Here at Ummahsonic Towers, we’re delving into the past to pick out forgotten Muslim pioneers from a bygone era who achieved incredible things to form the future that we’re living in right now.

So welcome to Part One of our Muslim Pioneers season. This time: Abu al-Qasim al-Zahrawi.

Never heard of him? Well, neither had we. But he’s often referred to as ‘the father of surgery’. A man who, way back in the mid-to-late 900s, was performing surgical procedures that had never been even imagined before.

It’s perhaps strange to think about a world without surgery. A place where if you had something wrong inside your body it would have been unimaginable to cut you open and fix it.

Al-Zahrawi lived in what is now Cordoba in Spain. At the time, Spain was an Islamic country ruled by many Muslim leaders. Al-Zahrawi’s medical genius did not go unnoticed by these ‘kings’ and rulers, who recognised his revolutionary ideas and procedures and asked him to be, in effect, their personal doctor.

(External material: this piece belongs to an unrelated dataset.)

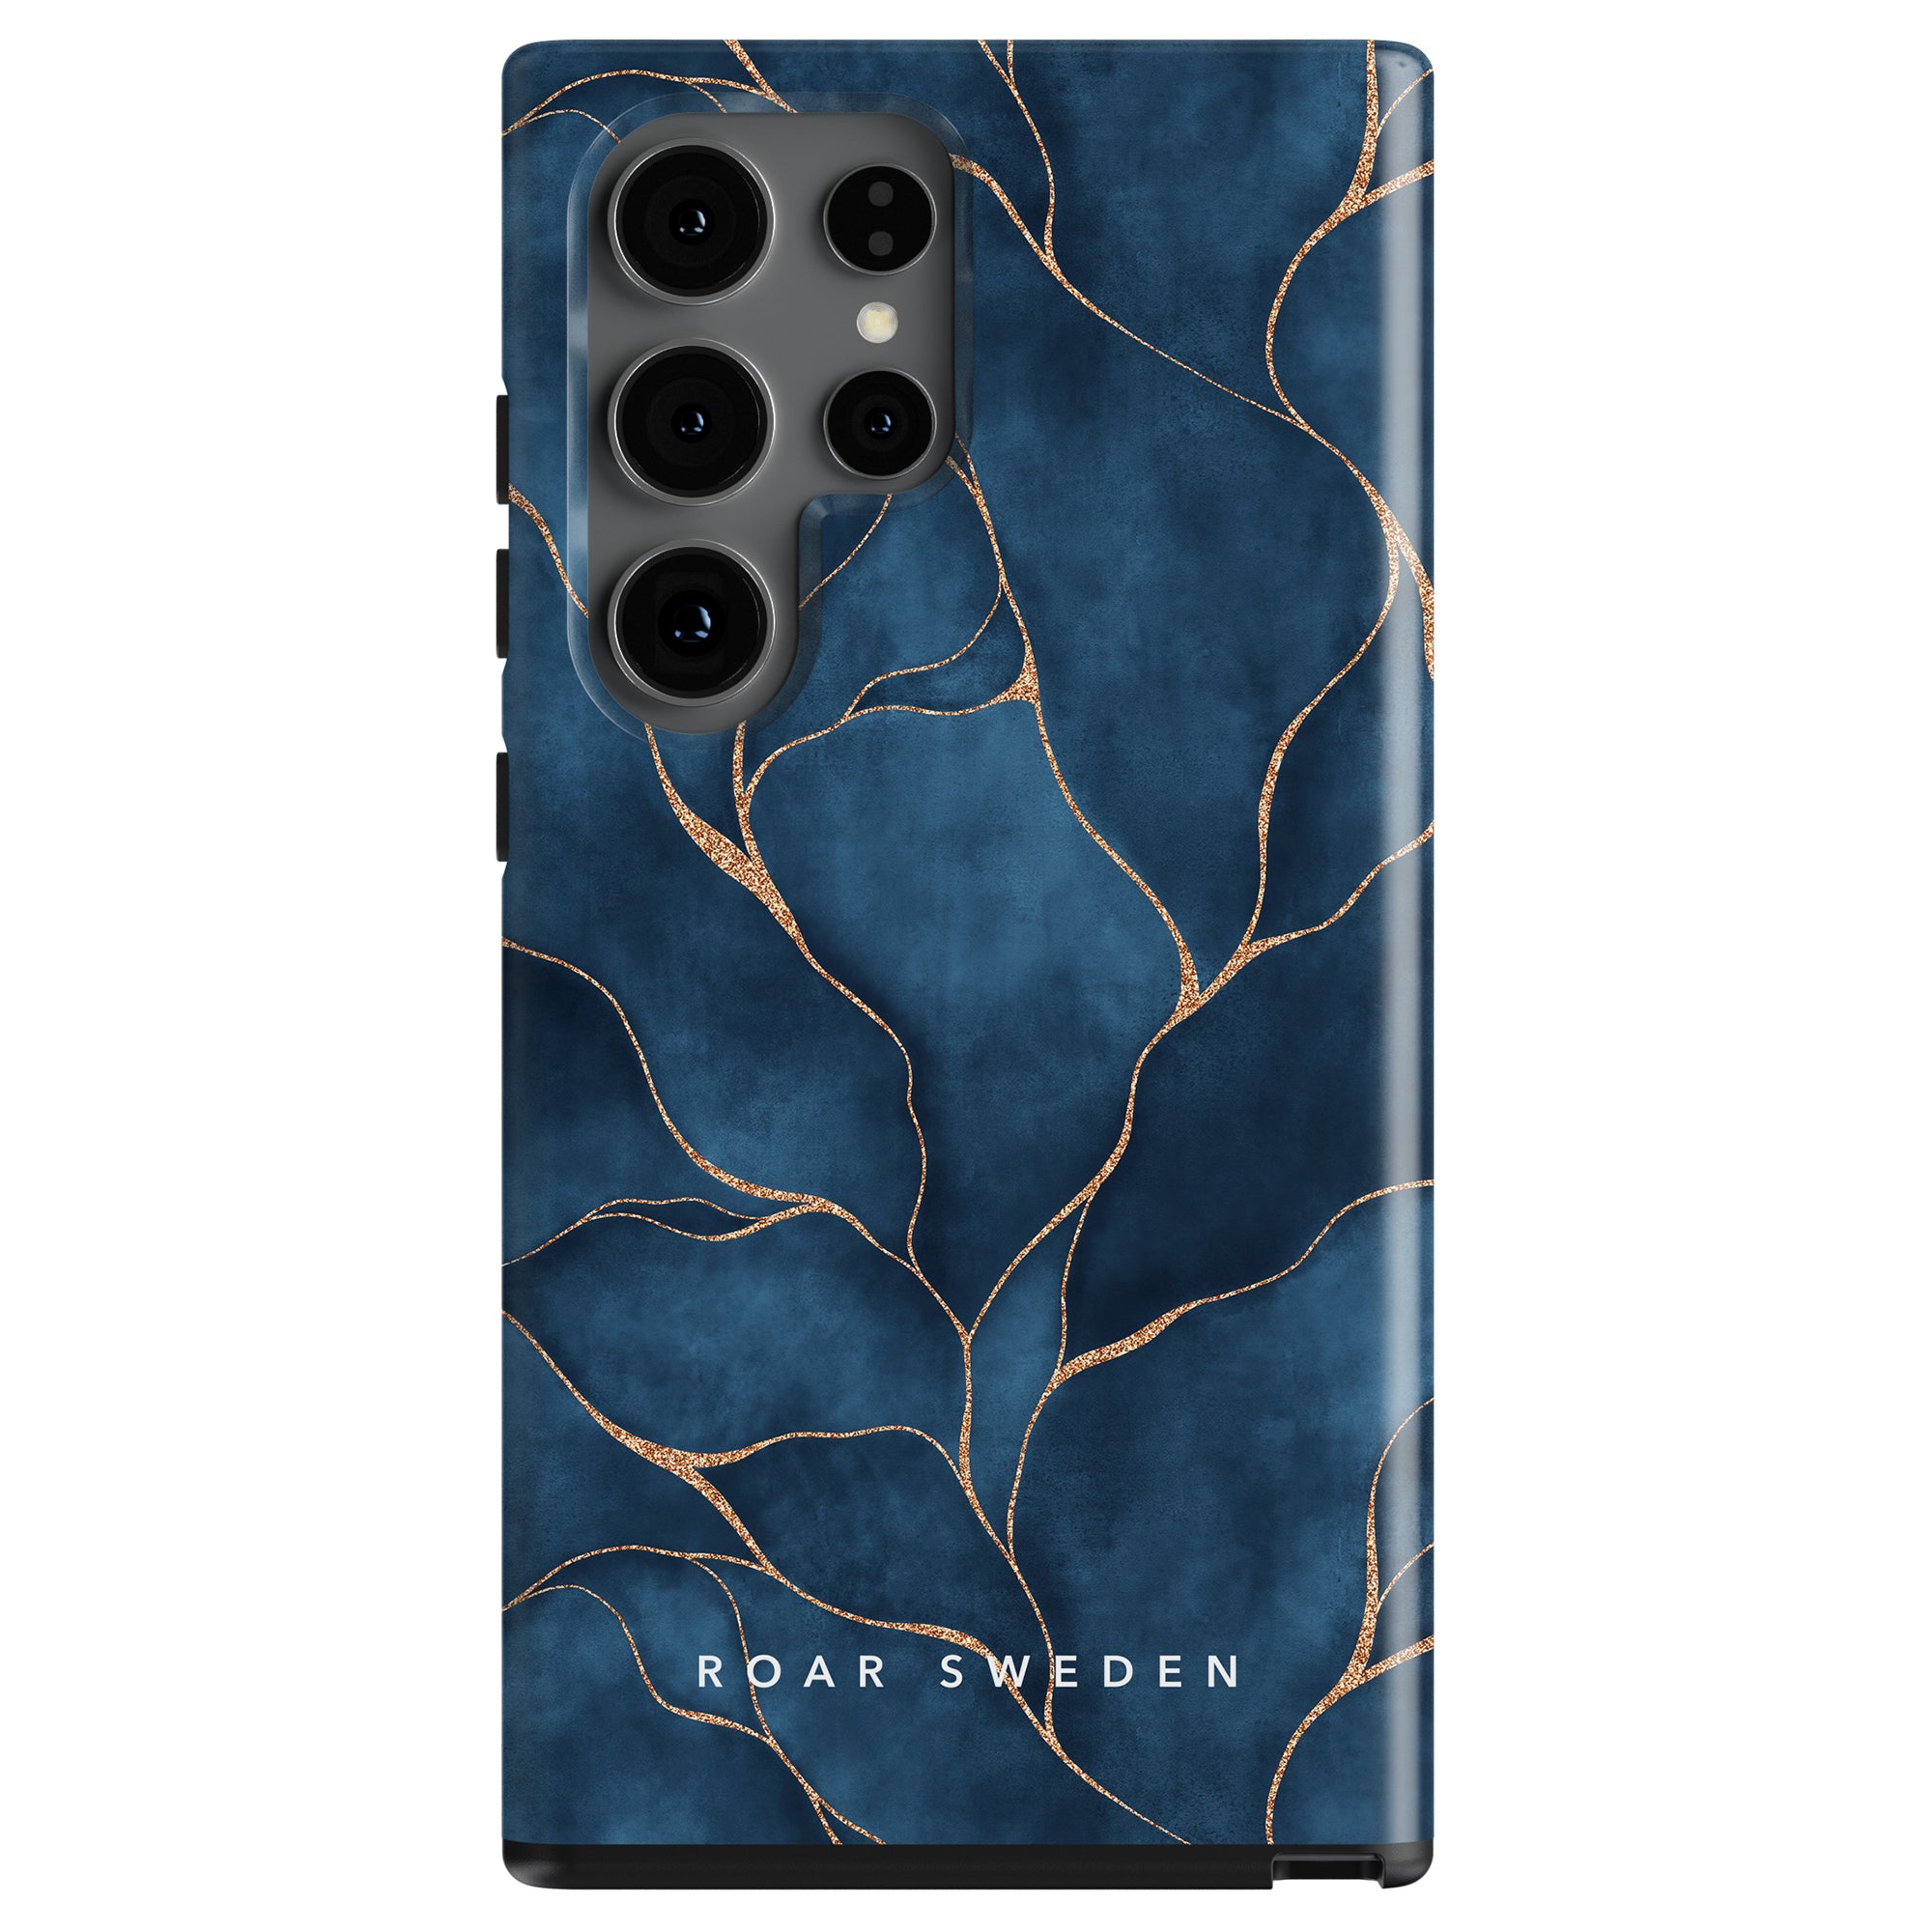 Yggdrasil - Tough Case with a blue and gold marbling design containing the text "roar Sweden.

He pioneered many surgical procedures that are still performed today. He was the first person to use forceps in childbirth (a tool to help guide a baby out of the birth canal) – this helped countless babies to be born safely and reduced the death rate of mothers and babies. He performed mastectomies – the procedure of removing a woman’s breast if she had cancer – for the first time. He developed the use of anaesthetics, so patients didn’t feel pain when being operated on. He also detailed how to set bone fractures, amputate limbs, and even how to crush bladder stones.

He is now regarded as Islam’s greatest medieval surgeon.

It’s said that to describe all his ‘firsts’ in medicine would take a book of its own. In fact, Al-Zahrawi did write a guide to his medical breakthroughs.

The resulting encyclopaedia of medicine is divided into 30 volumes – with the most influential volume dedicated to surgery.

But despite his huge contributions to the field of surgery, his work did not spread out as fast as you might imagine. In fact, it wasn’t until the 19th century (around 900 years after his death) that surgery as a distinct medical discipline emerged in Europe and the Western world.

Al-Zahrawi’s legacy benefits us all. We all know someone who’s had surgery. Maybe we have ourselves. Often, it has saved the lives of people we love. The fact that he was pioneering these procedures 1,000 years ago is, frankly, pretty amazing.

He truly is ‘the father of surgery’ and someone we should all know of and be thankful to.